Moreover, Holcomb's suggested procedural protection --requiring the witnesses to sign in before a notary to verify their identities -- was unlikely to have a significant benefit in that there is nothing in the record that suggests there was any true question as to the identity of the complaining patient. The complaining patient also stated that he was alone when he provided his telephonic testimony, which reduces the likelihood that the procedure introduced a possibility of an erroneous deprivation due to collusion or intimidation amongst the State's witnesses. Furthermore, the hearings officer stated that his findings and conclusions were primarily based on Holcomb's own statements and actions. Accordingly, the hearings officer's admission of the telephonic testimony did not create a substantial risk of an erroneous deprivation of Holcomb's property interest in her professional license. See In re G Children, 2007 WL 1147071, at *7-8; Korean Buddhist Dae Won Sa Temple of Hawaii v. Sullivan, 87 Hawai'i 217, 241, 953 P.2d 1315, 1339 (1998) ("Thus, if the Director's consultation of evidence outside the record did not affect the Temple's substantial rights, his decision must be affirmed despite the technical HAPA violation.").

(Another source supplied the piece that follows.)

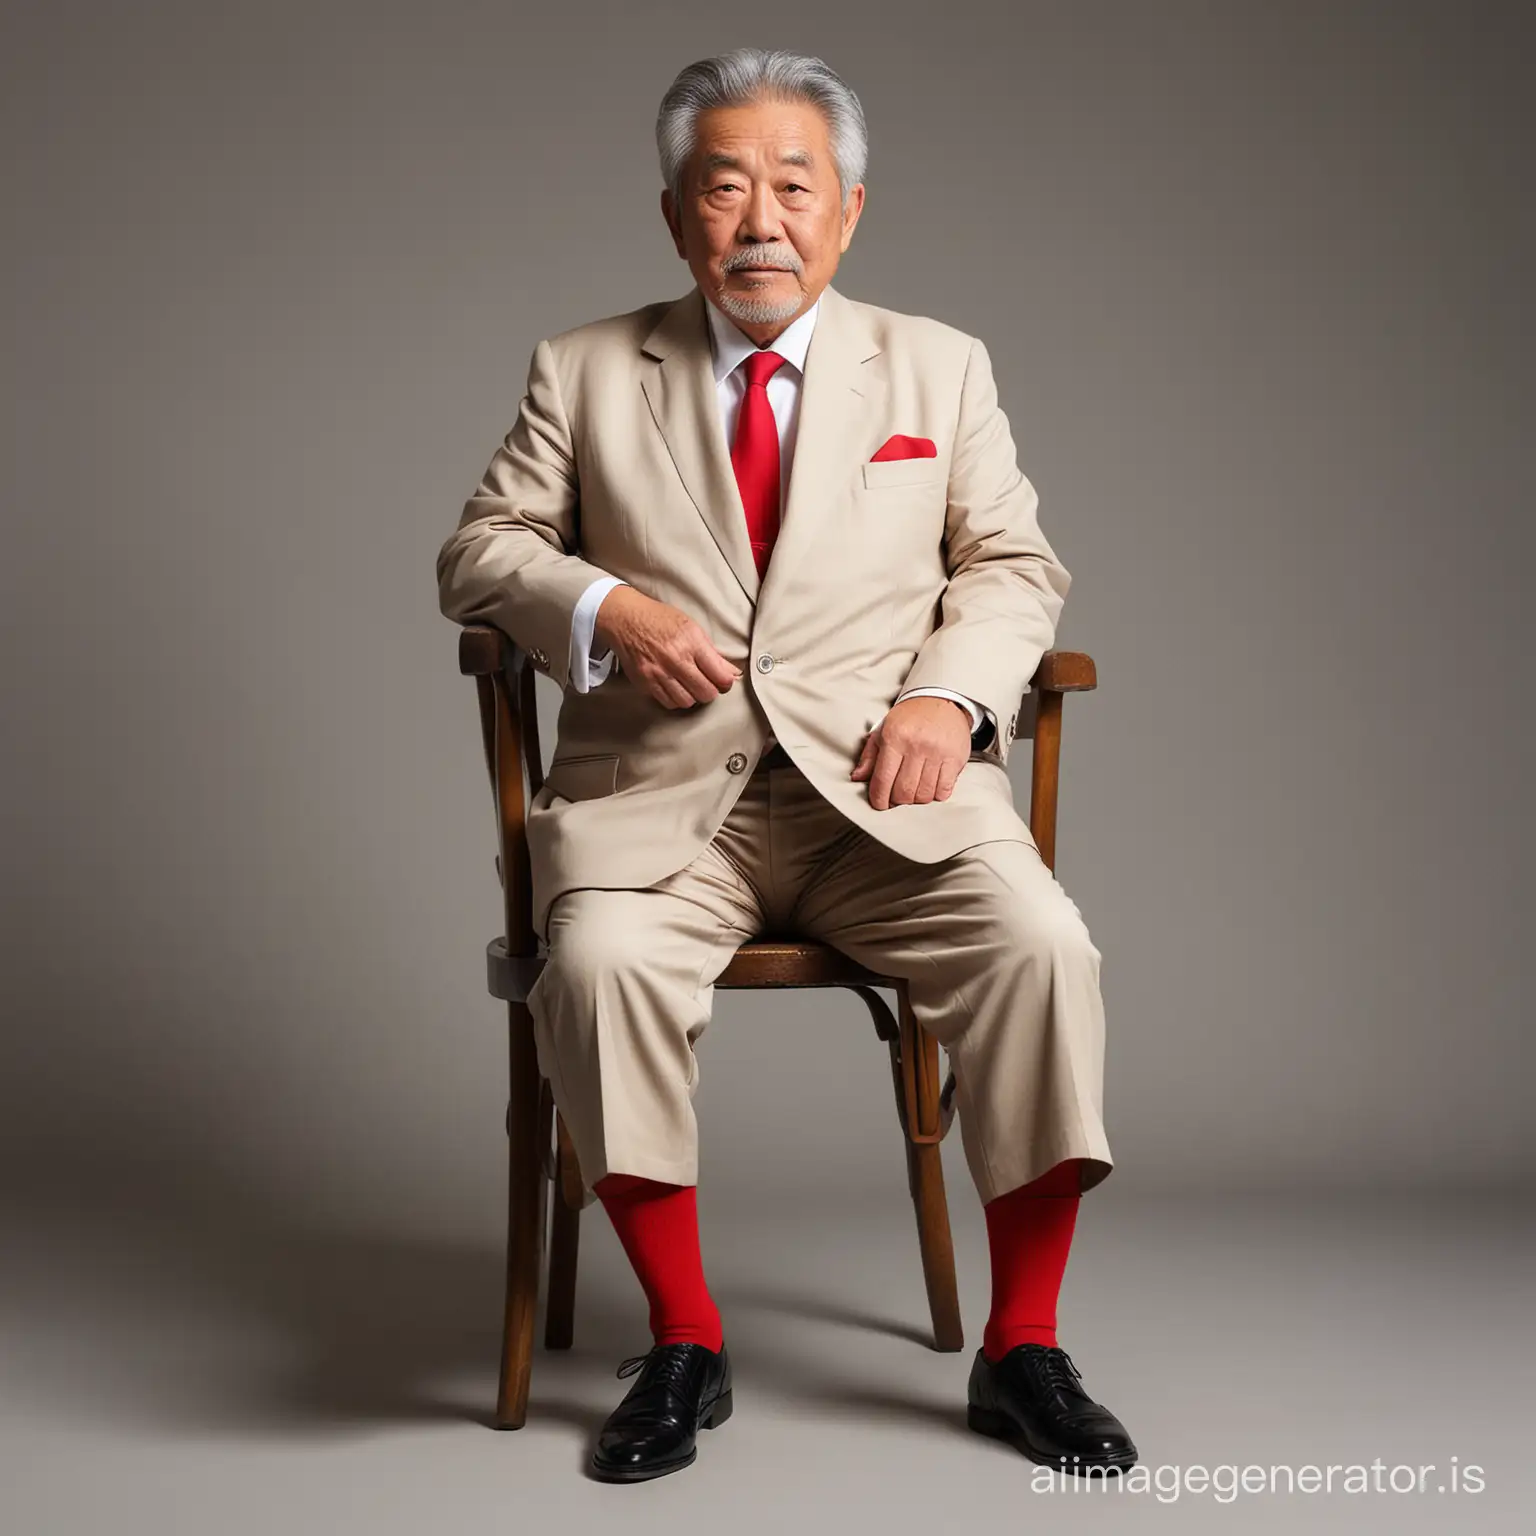 Elderly-Japanese-Gentleman-in-Tan-Suit-Sitting-on-Chair-with-Dramatic-Lighting

(3) Holcomb failed to establish that, as a matter of law, the hearing officer erred by rejecting Holcomb's expert witness's testimony and crediting of the testimony of the State's expert witness. Holcomb's argument primarily reduces to an invitation for an appellate court to re-weigh the evidence presented to the hearings officer. This is not proper, especially when an appellate court is reviewing the findings of an expert agency dealing with a specialized field. See In re Application of Hawaiian Electric Co., Inc., 81 Hawai'i 459, 465, 918 P.2d 561, 567 (1996).

Additionally, Holcomb's assertion that the Board of Psychology erred by not conducting an inquiry into Holcomb's practice lacks any citations to the record or authority and is not obviously true given that the administrative hearing is an inquiry into the nature of Holcomb's practice.

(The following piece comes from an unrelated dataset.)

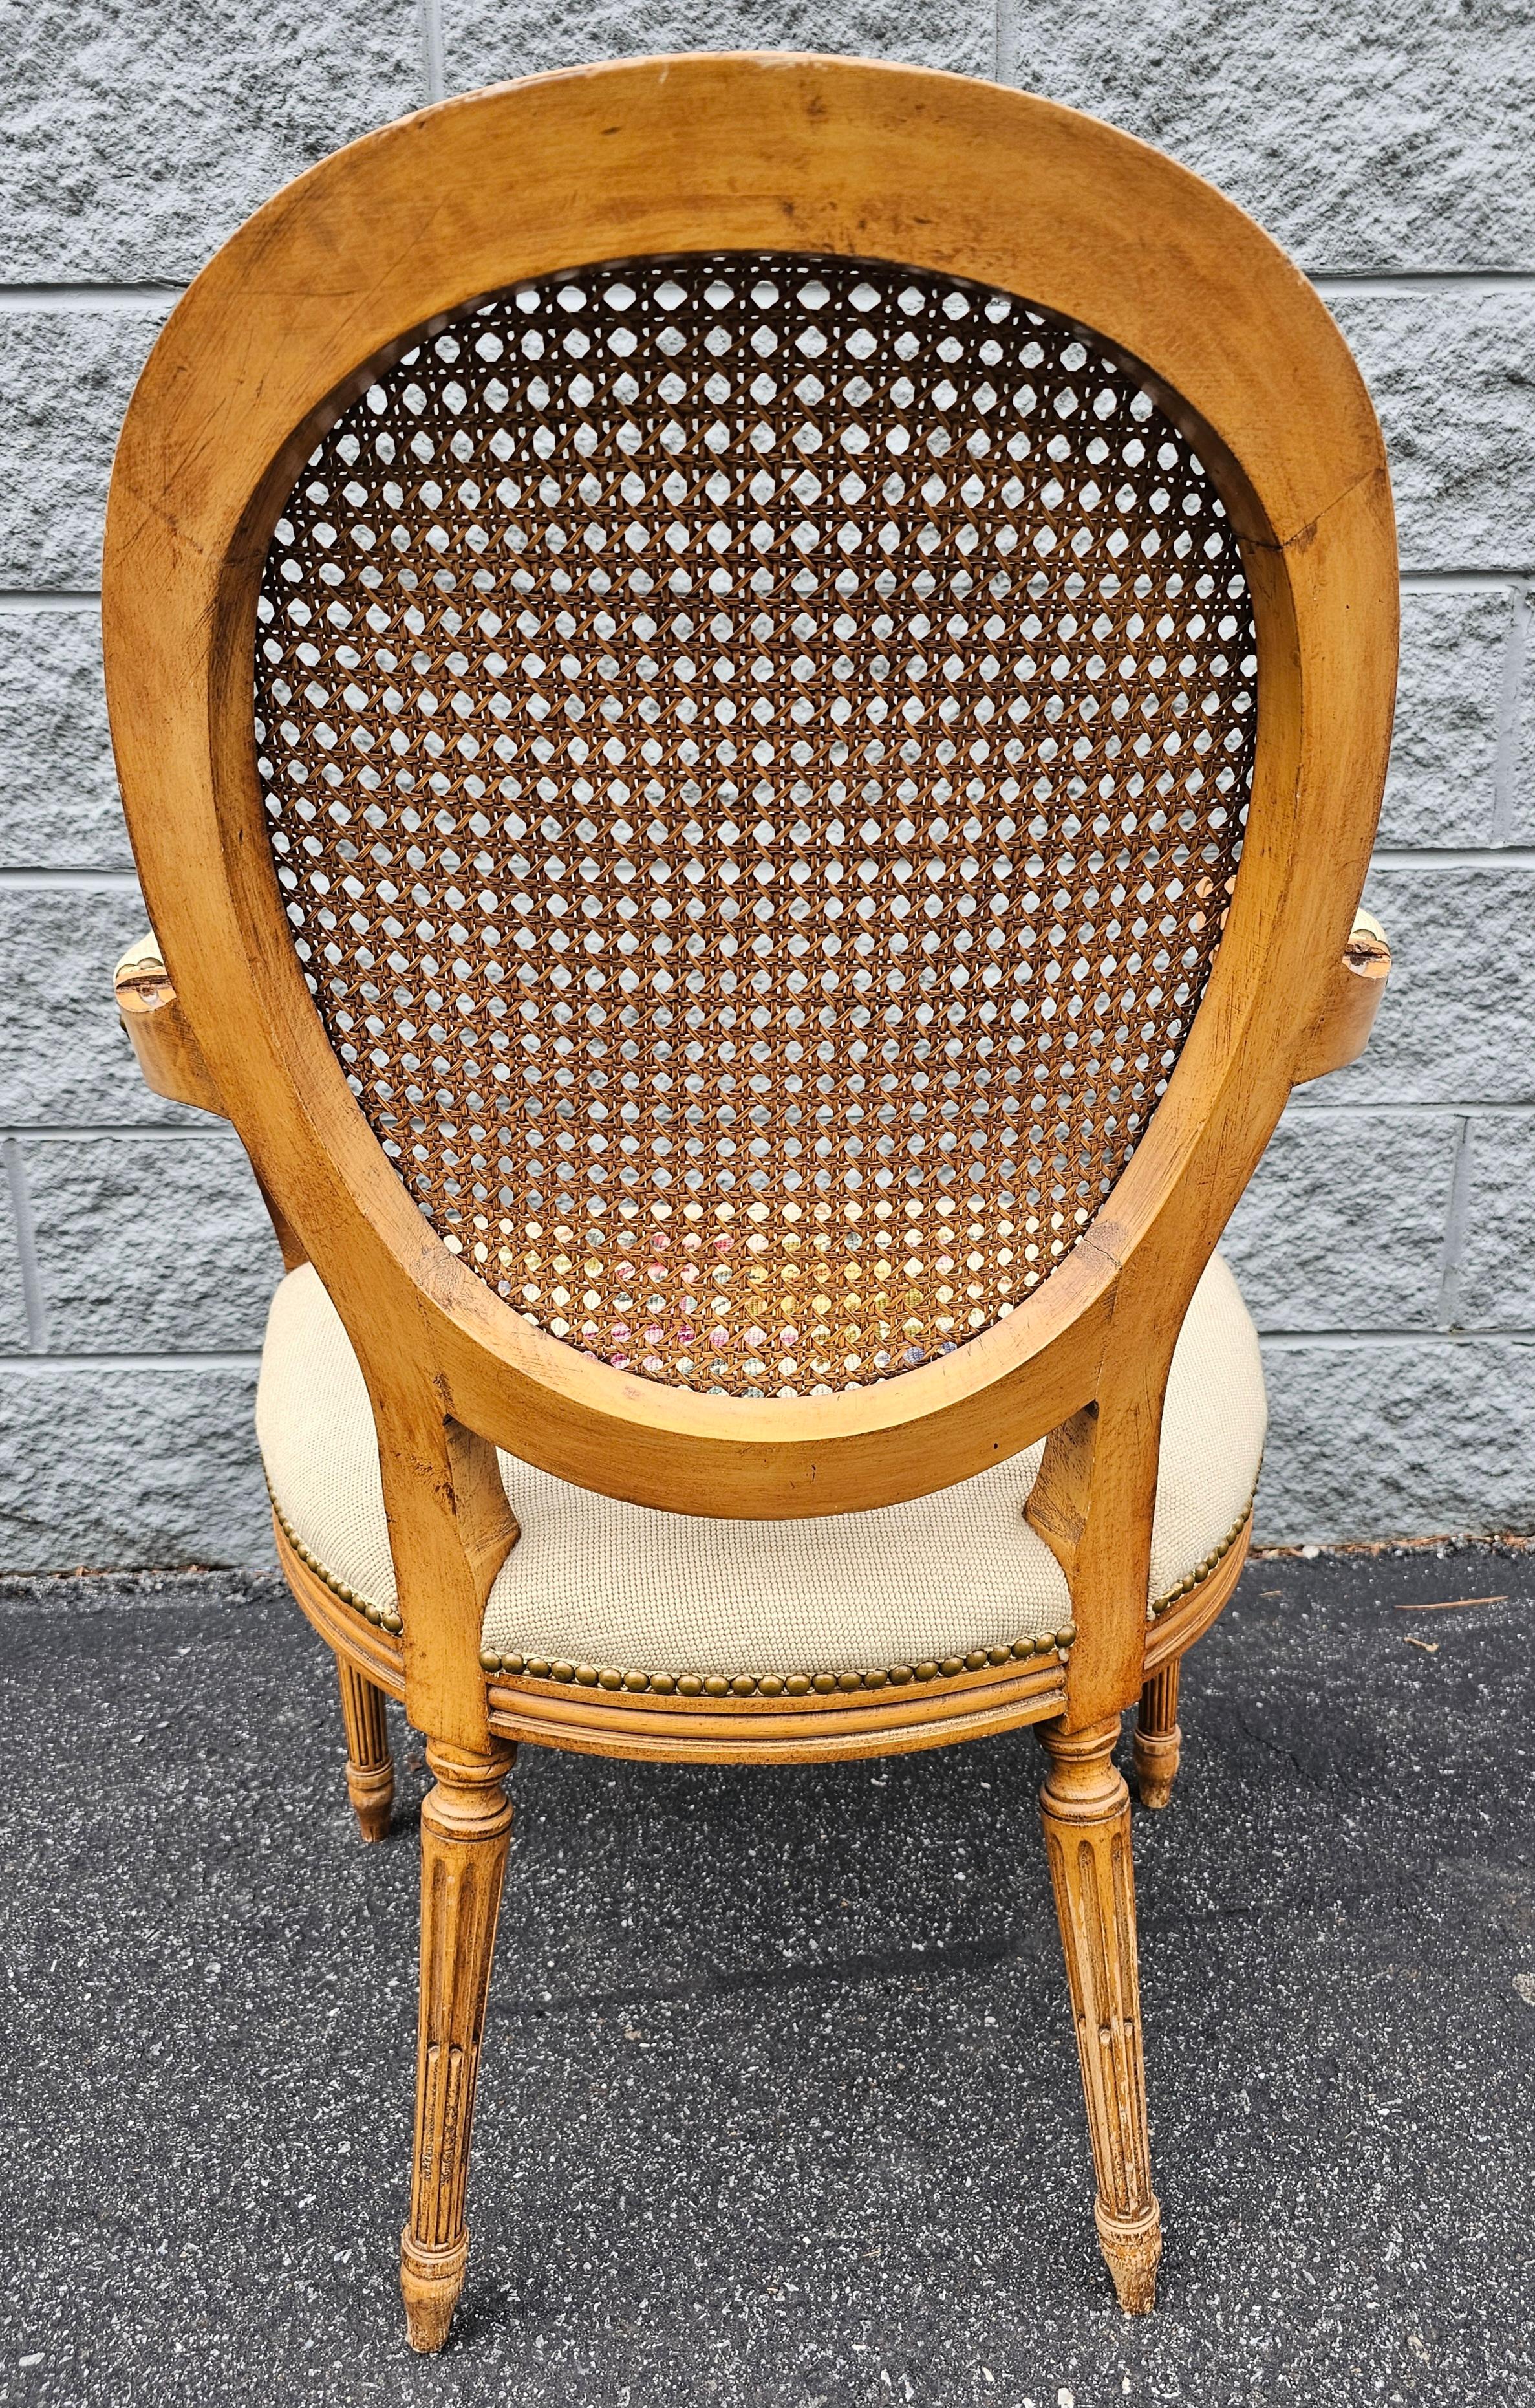 Louis XVI Style Fruitwood, Needlepoint Upholstered Seat And Caned Back Fauteuil For Sale 3

(4) Finally, Holcomb does not present any new contentions, reasoning, or authorities to support her argument that the Circuit Court violated her due process right to a fundamentally fair hearing by affirming the Board of Psychology's adoption of the hearings officer's findings. Thus, given the reasoning above, Holcomb's fourth point of error fails to present any reversible error.

Therefore,

IT IS HEREBY ORDERED that the Circuit Court of the Third Circuit's July 29, 2009 order and judgment affirming the suspension of Holcomb's license to practice psychology is affirmed.